── RECORDED INFORMATION

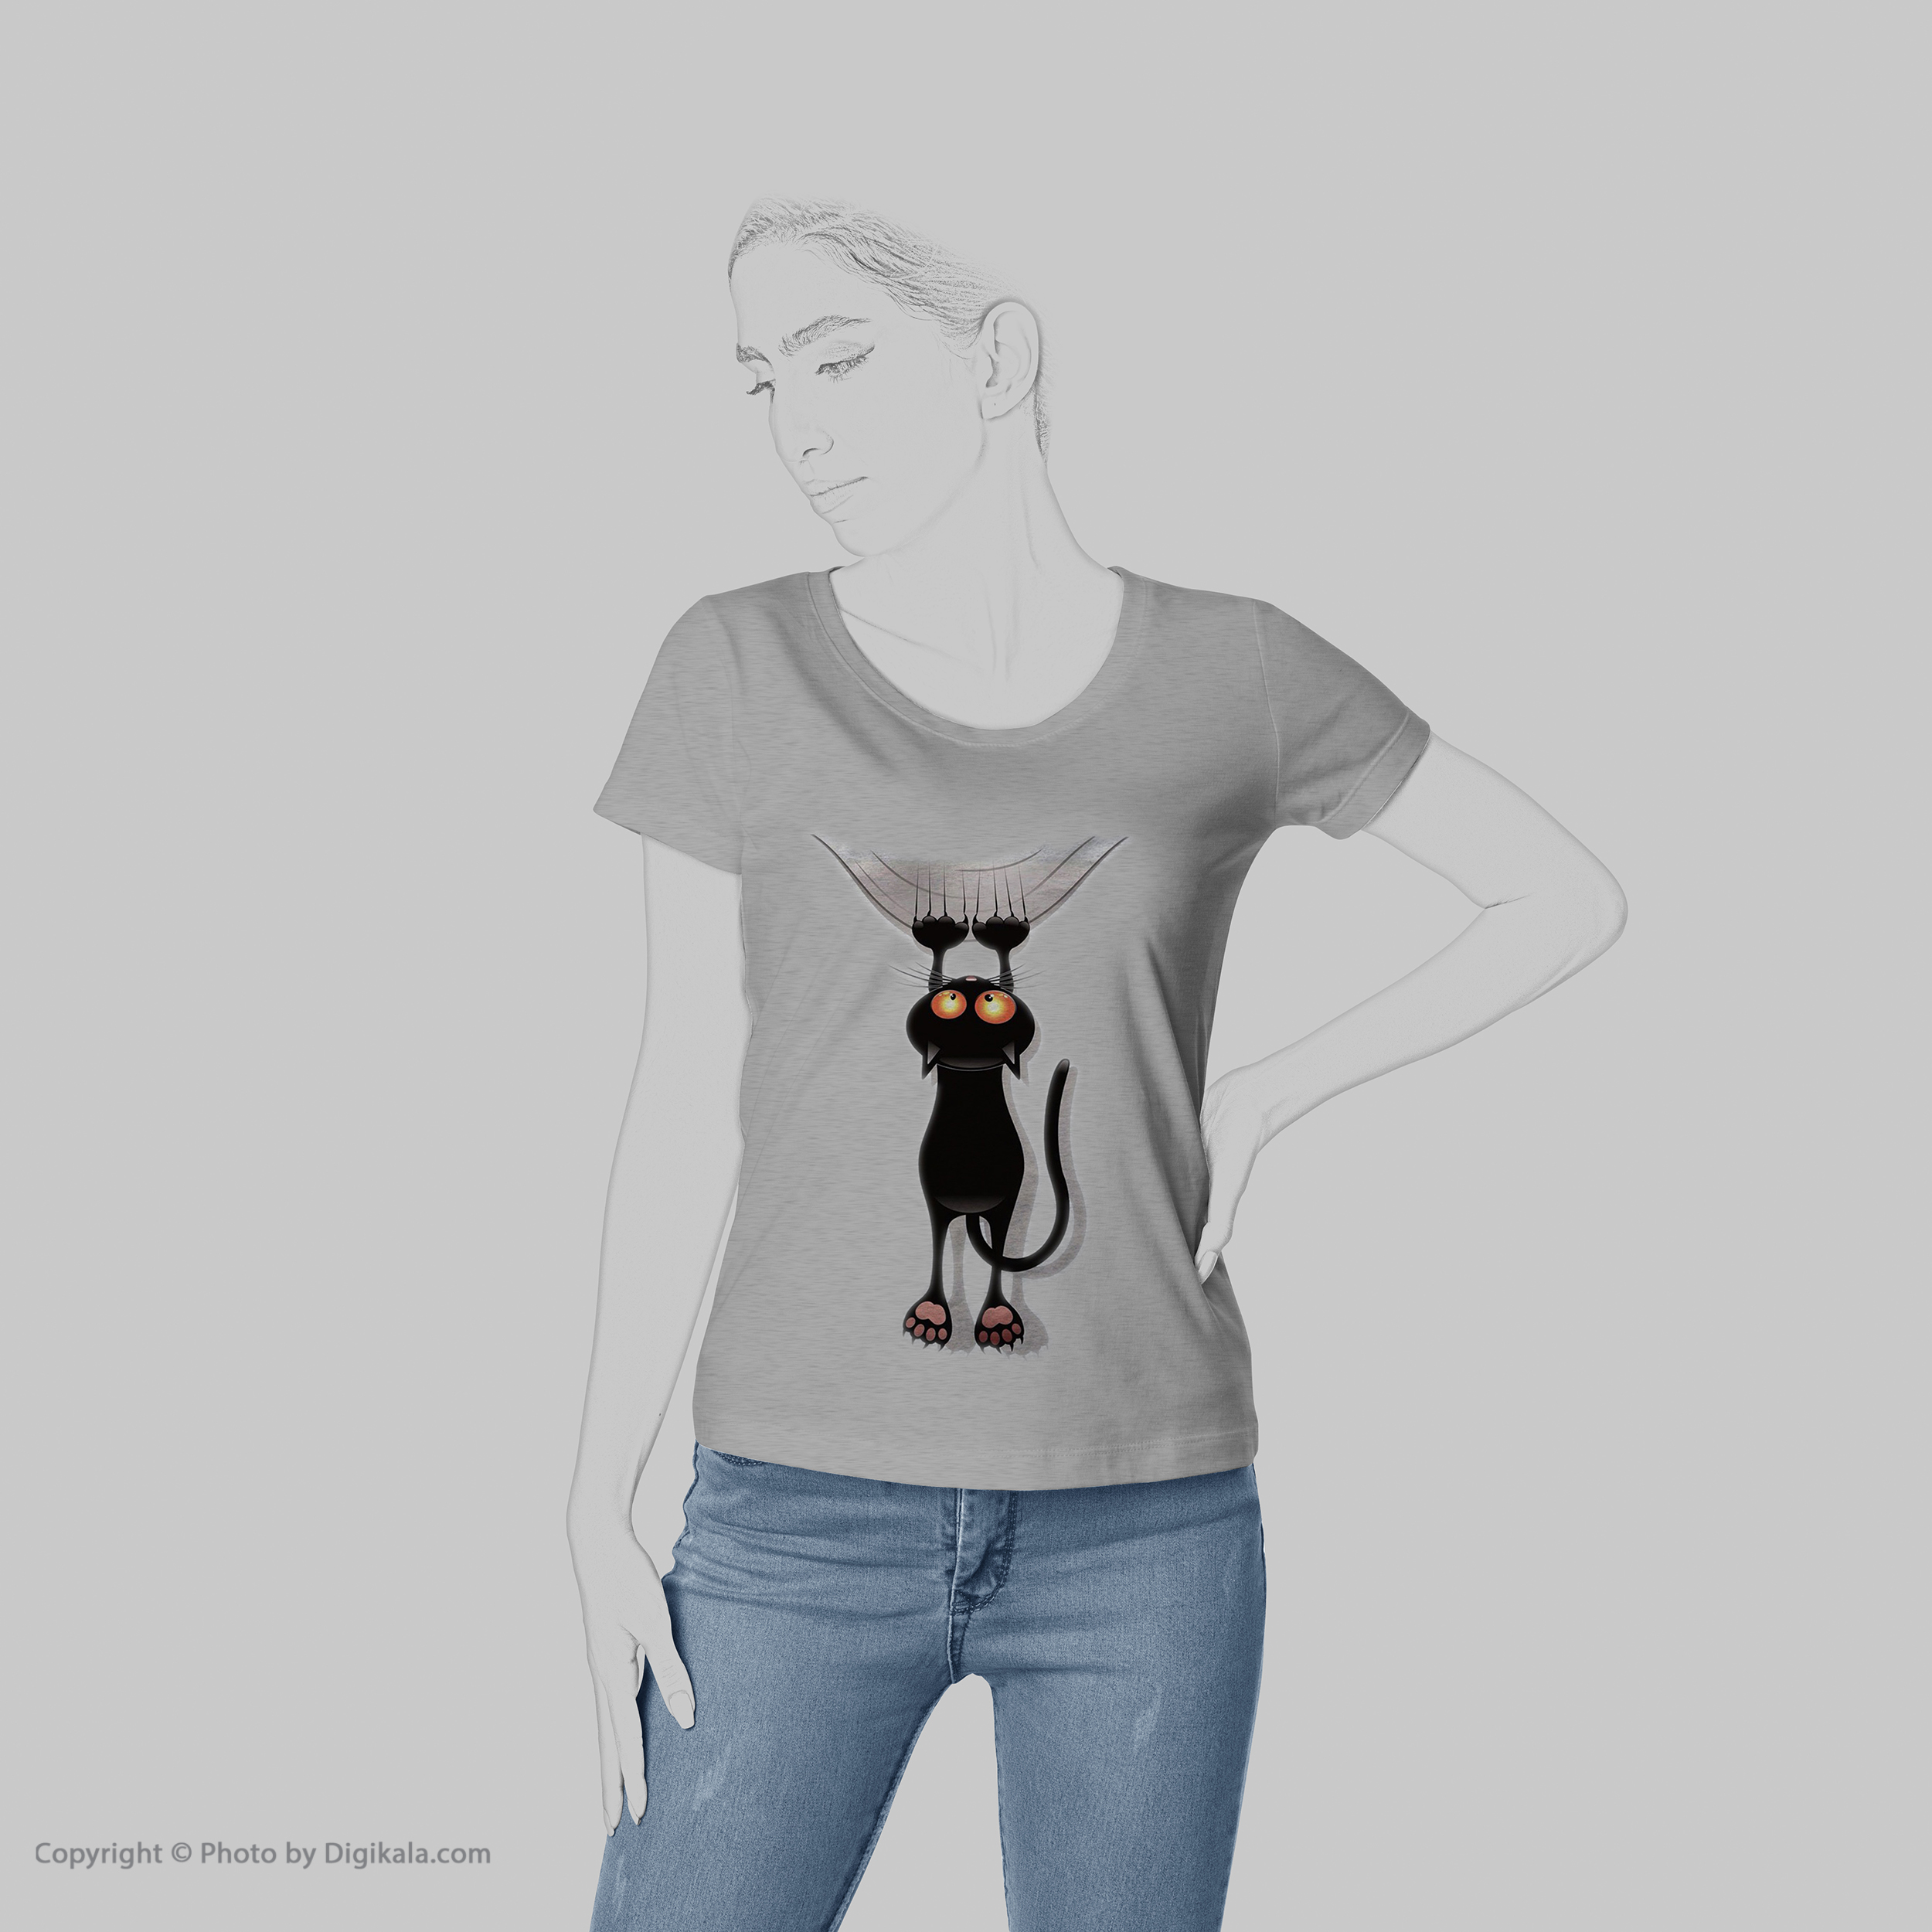 تی شرت به رسم طرح گربه کد 456 -  - 6
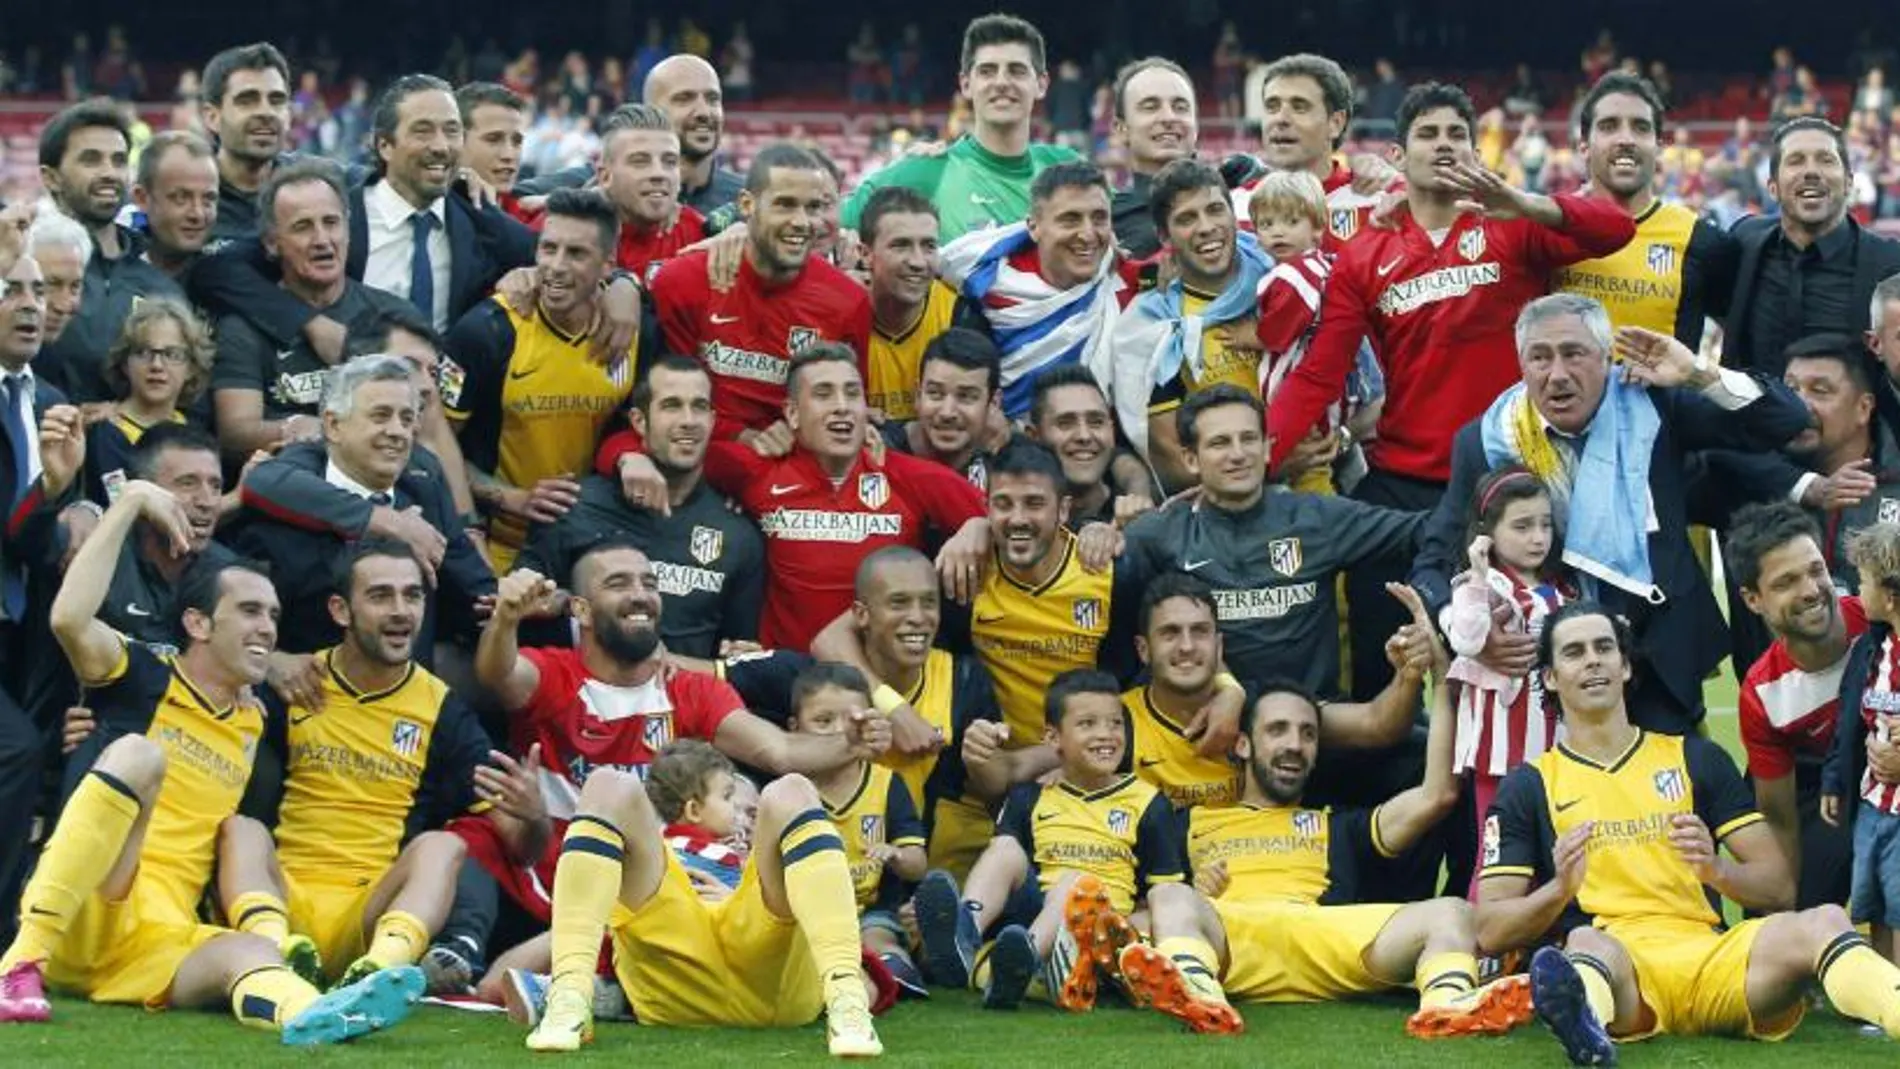 Foto de familia de los jugadores, entrenadores y cuerpo técnico del Atlético de Madrid tras resultar campeones de la Liga.
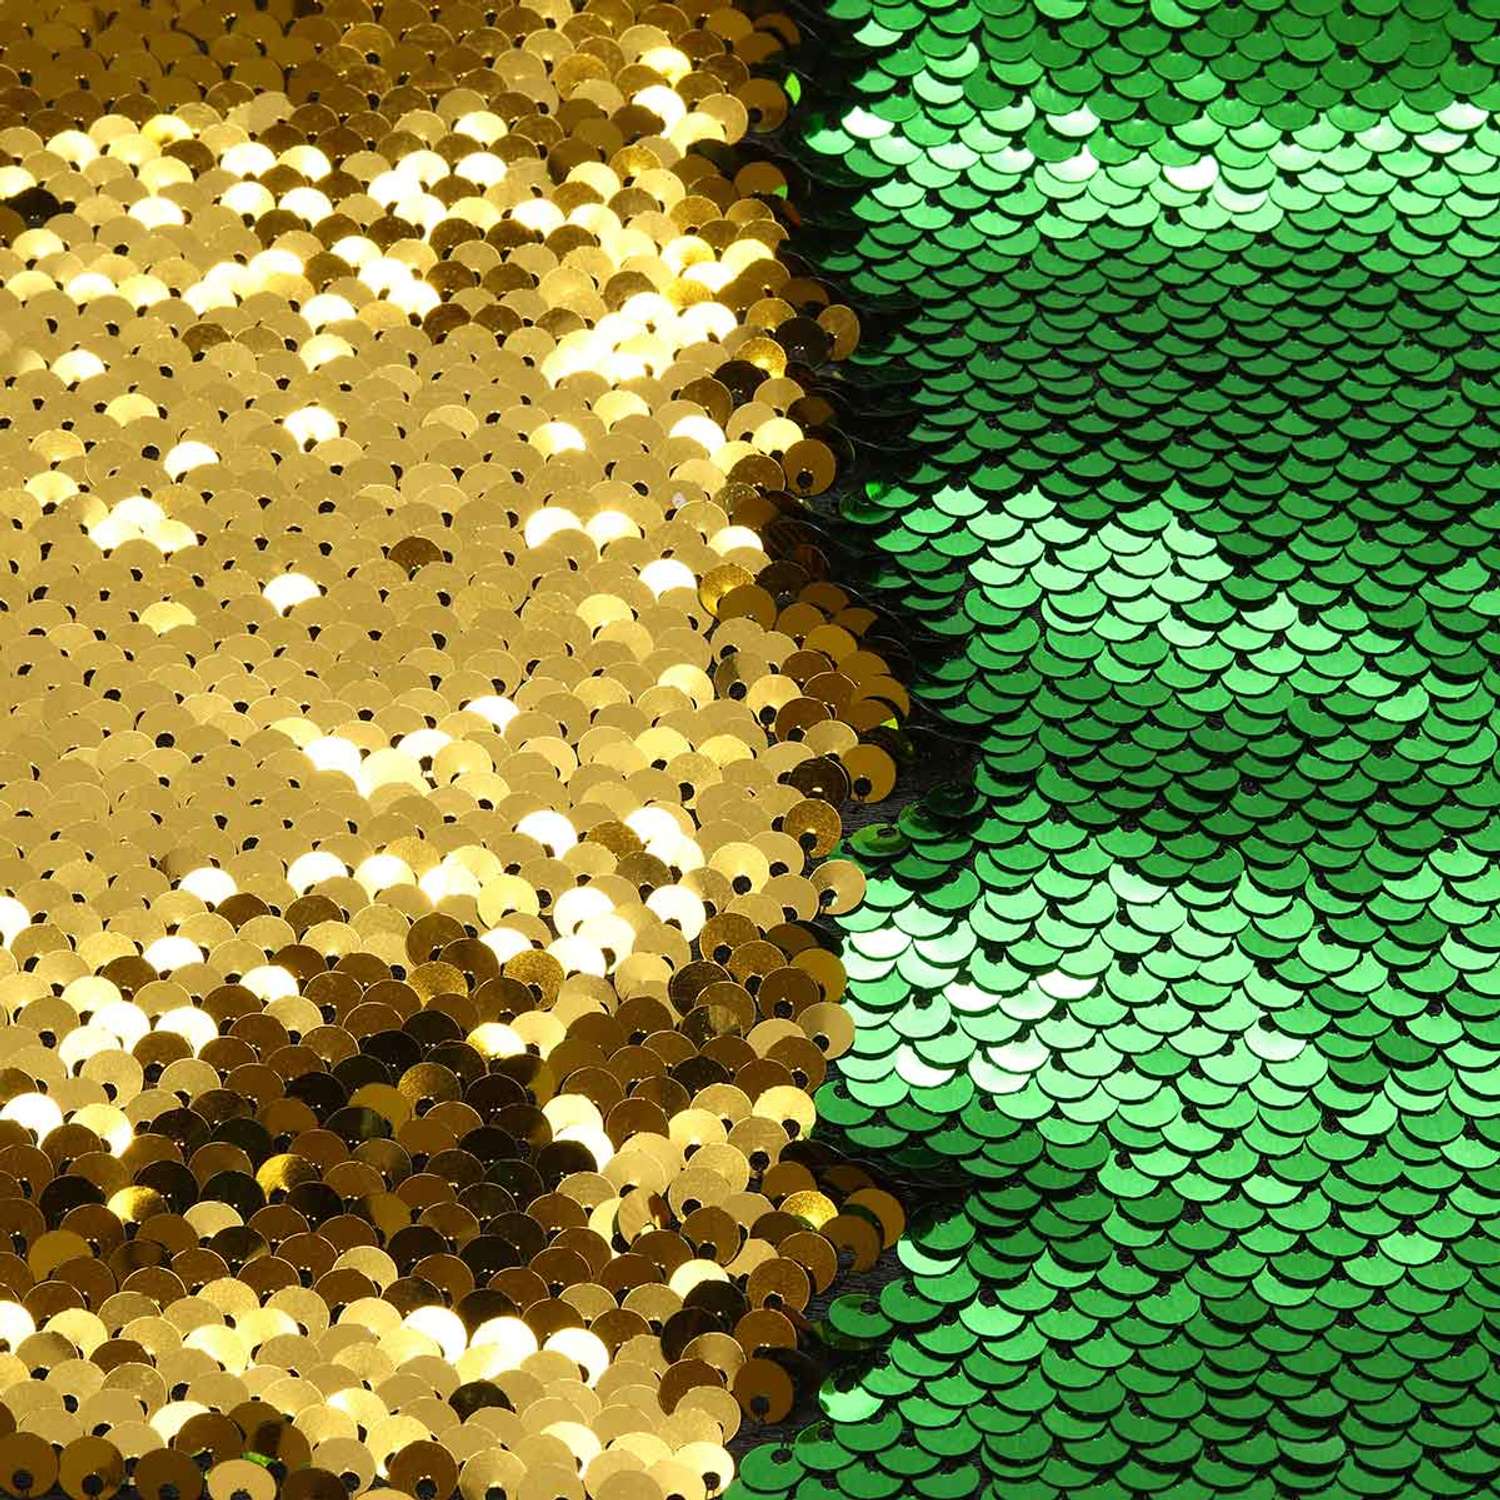 Ткань Astra Craft с двухсторонними пайетками зеленый золото 65х50 см - фото 1

────

Only the pictures are to be left out; the rest of the material above should be printed verbatim.

▸ RESULT FOR THIS EXERCISE
 تی شرت به رسم طرح گربه کد 456 -  - 6
 Foto de familia de los jugadores, entrenadores y cuerpo técnico del Atlético de Madrid tras resultar campeones de la Liga.
 Ткань Astra Craft с двухсторонними пайетками зеленый золото 65х50 см - фото 1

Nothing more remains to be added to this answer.